The Coalition government’s “Jobs and Growth” agenda is already in big trouble, only months after serving as the centerpiece of its reelection campaign.  Australia lost 34,000 full-time jobs last year, underemployment is at record levels, and GDP growth has slipped into negative territory.

When bad things happen, politicians need to look busy.  So the government is rejuvenating its proposed 10-year schedule of company tax cuts.  On this issue (like immigration), the Coalition is riding Donald Trump’s coattails, claiming that his plan to cut the US rate makes it imperative for Australia to follow suit.

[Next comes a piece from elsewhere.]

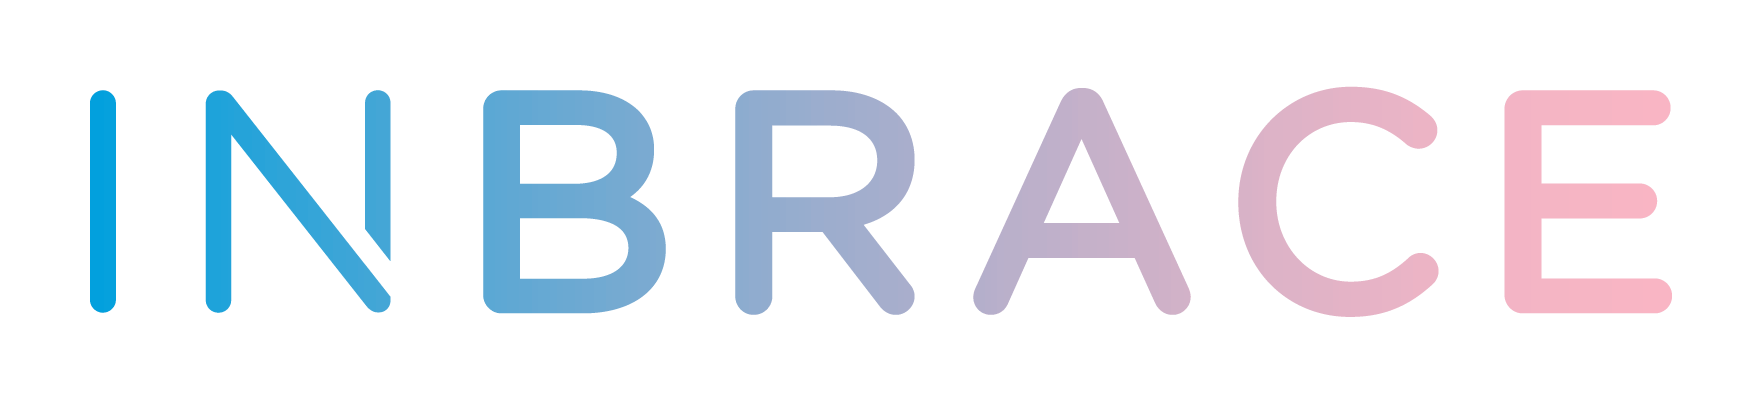 INBRACE-Logo-RGB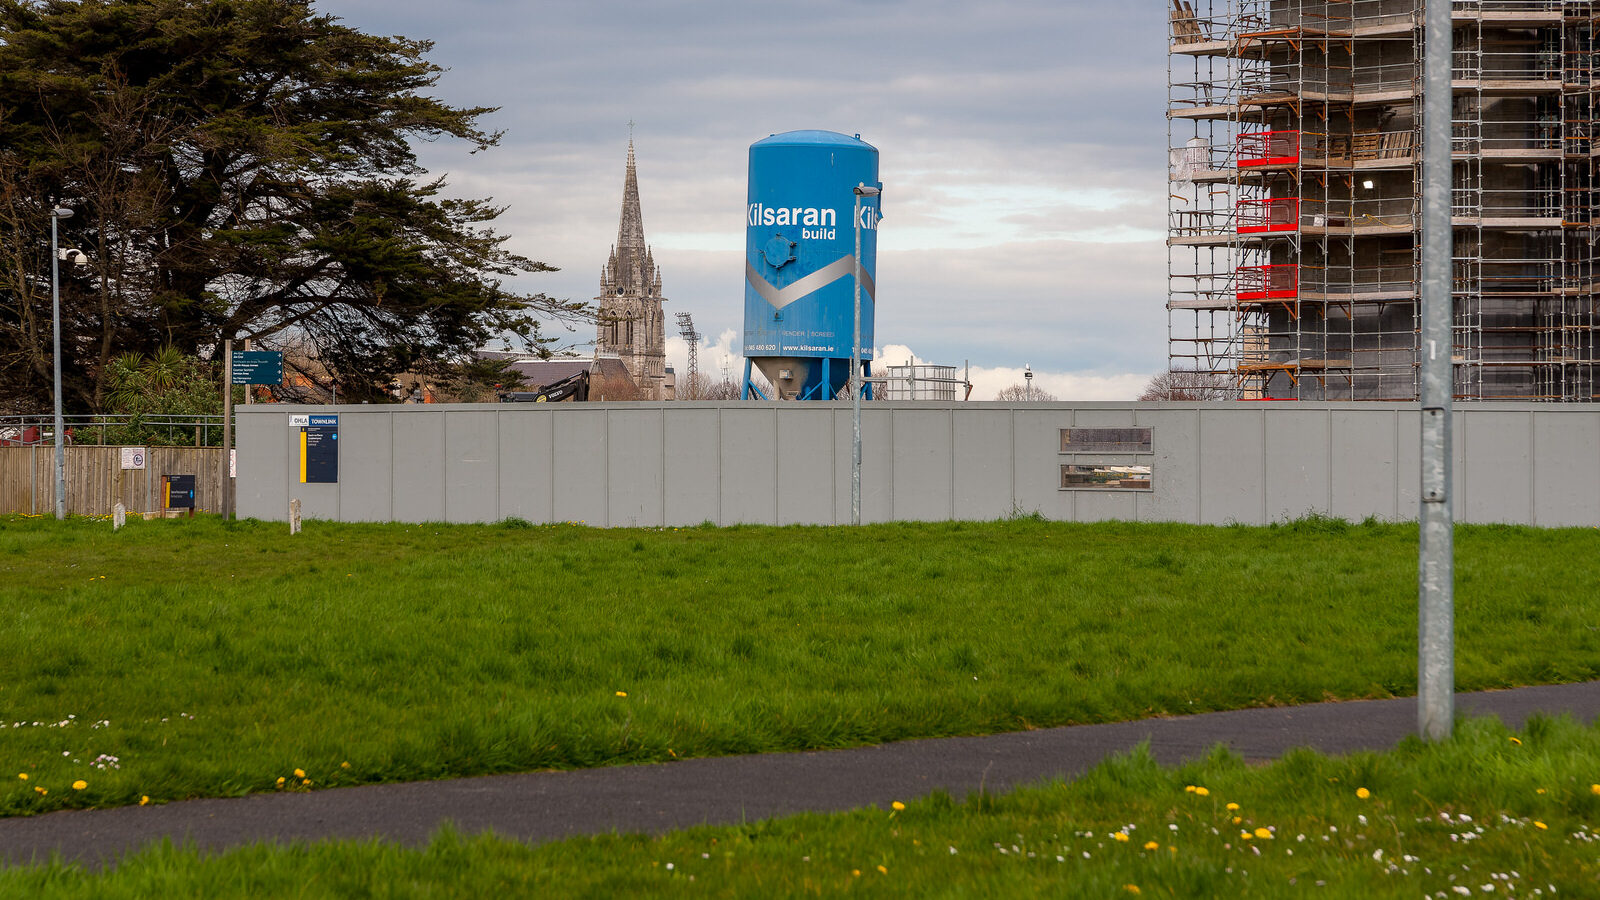 TU DUBLIN'S ACADEMIC HUB [A FLAGSHIP BUILDING UNDER CONSTRUCTION]-223826-1

Needless to say, selling $50 billion in company tax cuts from a government facing significant deficits and cutting other programs, is a political challenge of the highest order.  Only by stoking fear of the dire consequences of failing to cut taxes, might the public be prepared to swallow this pill.  Cue appropriately dire headlines in the Murdoch press – always helpful when moral panic is needed.  A recent Weekend Australian (January 28) provided a telling insight into the themes the government will emphasise in the months to come.  It featured a banner front-page headline, and accompanying two-page article (by Simon Benson), on the disasters ahead if we don’t cut company taxes.

Benson’s article painted an alarming scenario of the risks of not acting – using words like “crisis,” “stark warning,” “grave message,” and “globally stranded.”  But the actual news content of the article was scant: consisting primarily of quotes from three business leaders about why tax cuts are needed.  It’s hard to see, on pure news value, how this article merited banner front-page treatment.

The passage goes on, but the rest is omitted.